Article from New Trees, Ross Bayton & John Grimshaw

Recommended citation
'Sorbus forrestii' from the website Trees and Shrubs Online (treesandshrubsonline.org/articles/sorbus/sorbus-forrestii/). Accessed 2020-09-25.

Tree to 12 m, though usually less. Branchlets grey. Buds deep red, conical to ovoid with white hairs on the margins and apices of the scales. Leaves to 20 cm long, with seven to nine pairs of leaflets. Leaflets rather widely spaced, ~4 cm long, upper surface glabrous, lower surface highly papillose, margins dentate to entire; leaves turning salmon-pink to orange in autumn. Fruit white with a crimson tint at the calyx, 0.8 × 0.95 cm; carpels three to four (to five). Tetraploid apomict (2n = 68). McAllister & Gillham 1980, McAllister 2005a. Distribution CHINA: Yunnan (Beima Shan). Habitat Mixed thickets. USDA Hardiness Zone 6. Conservation status Not evaluated. Illustration McAllister & Gillham 1980, McAllister 2005a. Cross-reference S497.

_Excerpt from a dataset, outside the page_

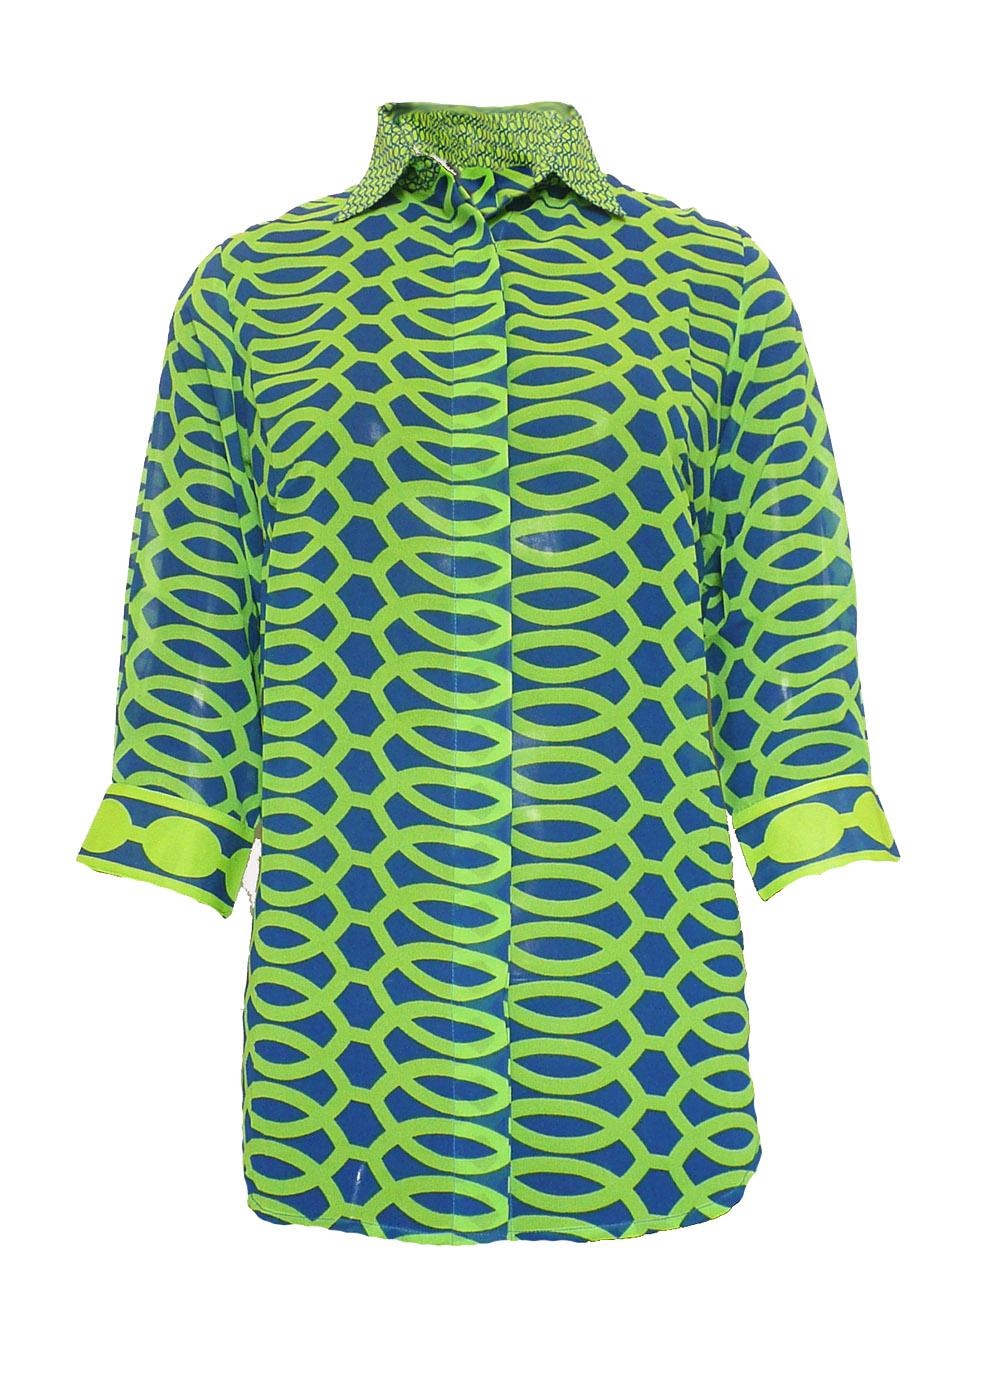 shirt green prnt.jpg
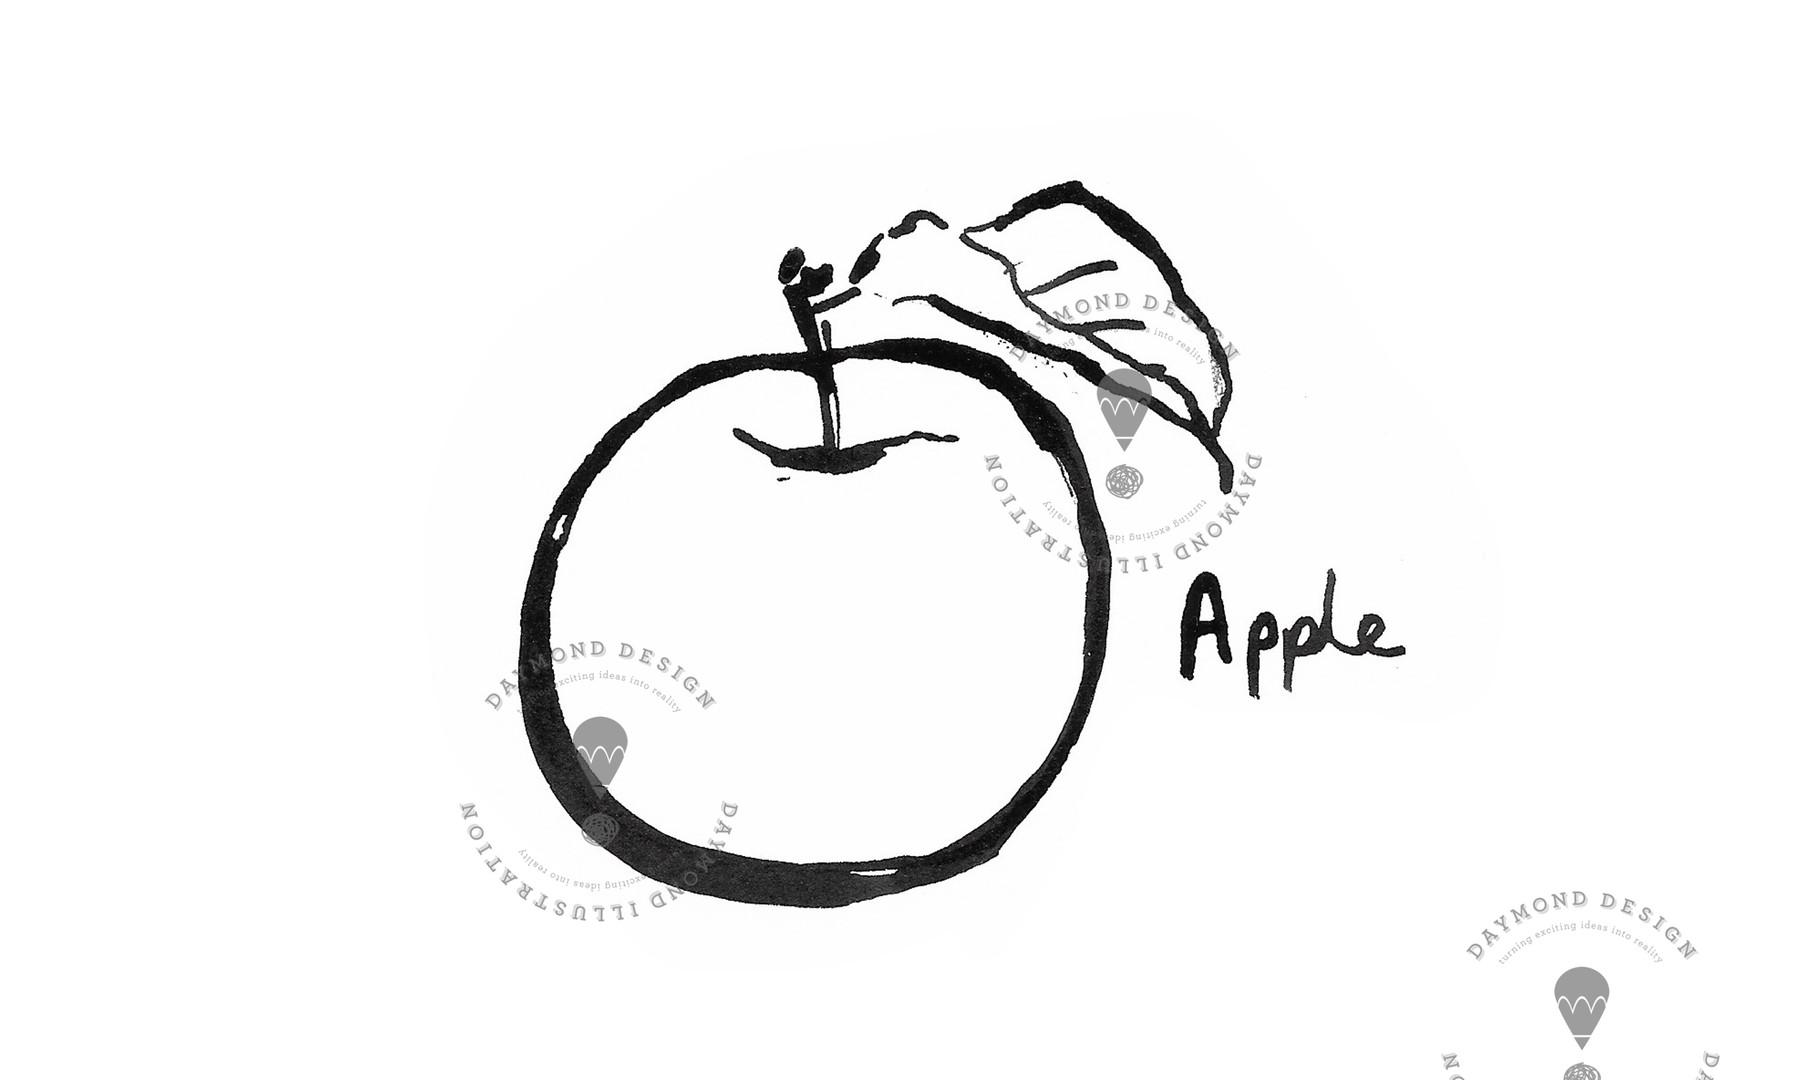 apple fruit brush ink B&W food illustration by Jenny Daymond Design and illustration

Sorbus forrestii, although another apomictic member of section Discolores, does not resemble the familiar species S. glabriuscula and S. pseudohupehensis and therefore does not feature in the key to their allies (p. 804). It is distinct in its larger white fruits and smaller but more numerous leaflets. It is also smaller-growing in cultivation, and at Ness has reached only 4 m in 40 years (McAllister 2005a), though elsewhere it is faster. Like others, however, it was recognised in cultivation, when in 1972 it was drawn to Hugh McAllister’s attention under the name S. prattii. Research found it to be growing in several British botanical gardens, and a chain of evidence led to its identification with Forrest’s collection (no. 19583) made on the Beima Shan, Yunnan in 1921. The dense crops of white fruit and low bushy habit make it ideal for smaller sites, and it is now widely grown and commercially available throughout our area.

Much rarer, and as yet only tentatively distributed beyond Ness and Keith Rushforth’s own collection, is another apomict, S. bulleyana McAll., which differs principally in its more numerous leaflets (9–11 pairs) and ‘pearly pinkish white’ fruits. The solitary tree at Ness is derived from Keith Rushforth’s gathering KR 2809 made in 1993 in the Zhongdian Gorge, Yunnan at 3200 m, which also provided the type specimen. The specimen at Ness is a bit straggly, but the fruits are pretty. From the same seed collection came an anomalous diploid seedling that has been named ‘Keith Rushforth’ (McAllister 2005a).